In neonatology, expiratory tidal volume is used in flow measurement to gauge delivered tidal volume. Every additional washout flow increases the expiratory flow, while leakage reduces it. As a result, the expiratory tidal volume is either significantly over‐ or underestimated, respectively. In principle, a flow sensor can be calibrated to a washout flow. To enable such calibration, the washout flow should remain virtually constant; however, without a pump, such flows fluctuate greatly over the course of the breathing cycle in response to pressure changes. With controlled leakage flow through a pump, the leakage flow is always the same regardless of the pressure variations during inspiration and expiration. Due to the constant control, an accurate calculation of the tidal volume is possible.
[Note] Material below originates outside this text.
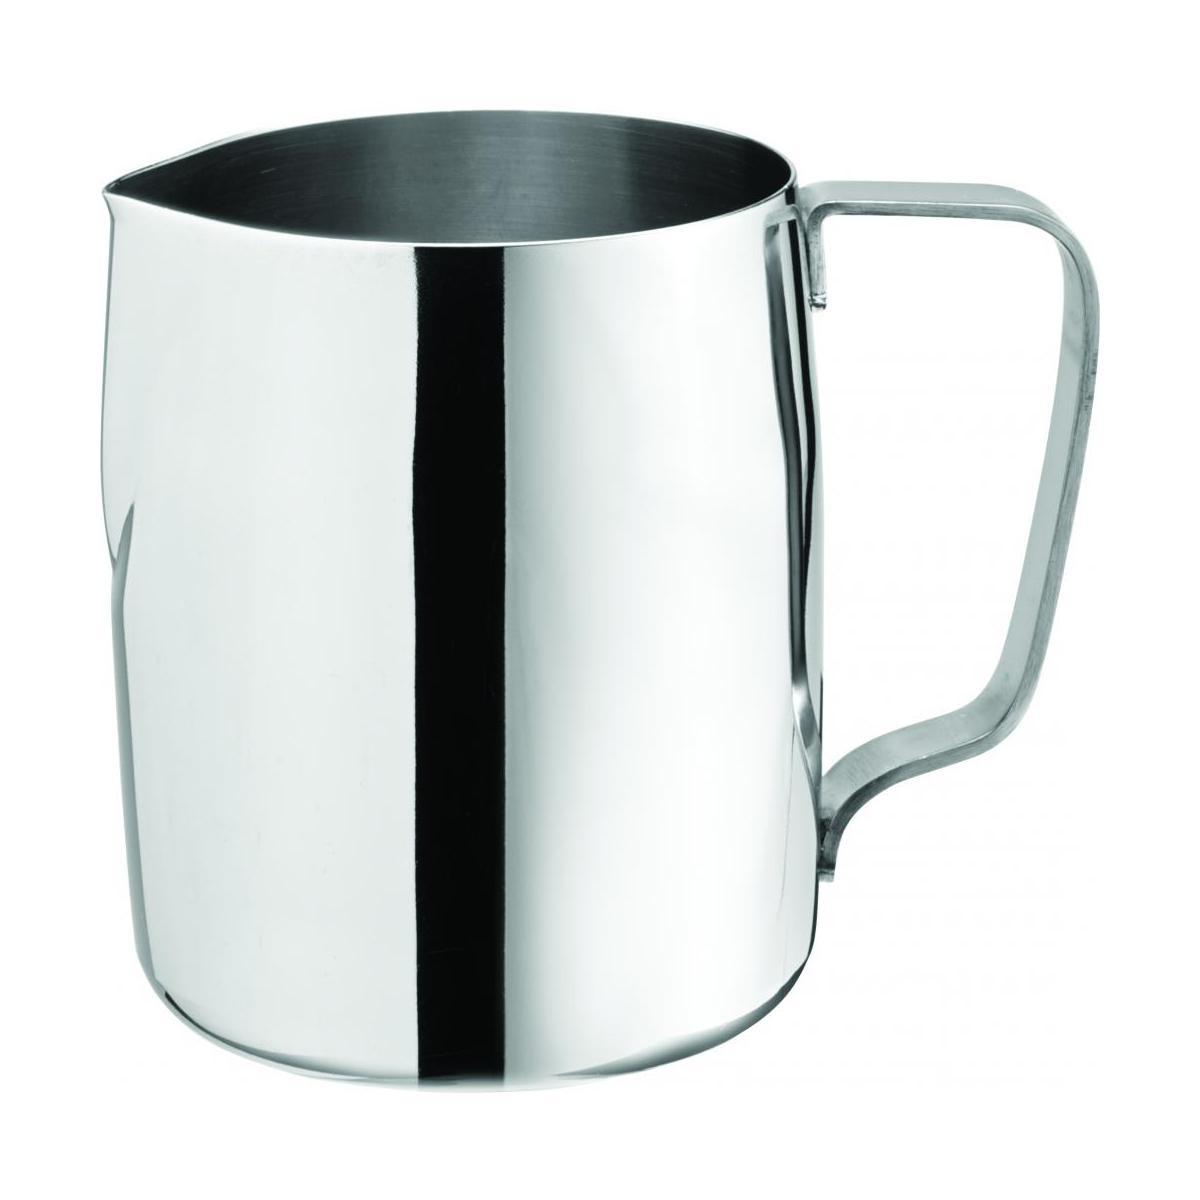 stainless steel milk frothing jug 14oz 41cl noble express. Black Bedroom Furniture Sets. Home Design Ideas

The required calibration to a constant washout flow corresponds to a zero value shift. Therefore, the quality of the tidal volume measurement remains unchanged. The influence of the leakages frequently occurring in neonatology, on the measurement of the tidal volume, thus remains unchanged.

A limitation of the present study was the type of test lung available; settings were therefore chosen as would be used for a 1500 g child. In contrast, the patients in the study by Claure et al. had an average weight below 1000 g. However, only the tidal volume depends on patient weight, not the technical dead space that can be washed out. It can therefore be assumed that the effects shown would be even more impressive in smaller children with lower tidal volumes.

CONCLUSION

Washout by leakage flow can significantly reduce end‐expiratory pCO2 levels and thereby minimize the adverse effects associated with mechanical dead space. Controlled leakage is not only as effective as uncontrolled leakage flow, it also allows for a more stable ventilation by preventing the uncontrolled loss of tidal volume that occurs during inspiration when leakage is not controlled. The results of this in vitro study give no information about its clinically relevance, therefore, additional clinically studies are required.

AUTHOR CONTRIBUTIONS

Martin Schöber: data curation (lead); investigation (lead); writing—review & editing (equal). Bettina Bohnhorst: supervision (equal); writing—review & editing (equal). Natalee Annon‐Eberharter: visualization (equal); writing—original draft (equal); writing—review & editing (lead). Martin Wald: conceptualization (lead); methodology (lead); writing—original draft (lead); writing—review & editing (equal).

CONFLICTS OF INTEREST

Martin Wald has been a consultant for the companies Fritz Stephan GmbH and medin Medical Innovations GmbH and has given paid lectures for Medtronic Österreich GmbH during the past 3 years. He has also organized workshops sponsored by the above companies. All other authors have no conflicts of interest to declare.

ETHICAL STATEMENT

no animals or humans were involved in the experiments, and no ethical review was required.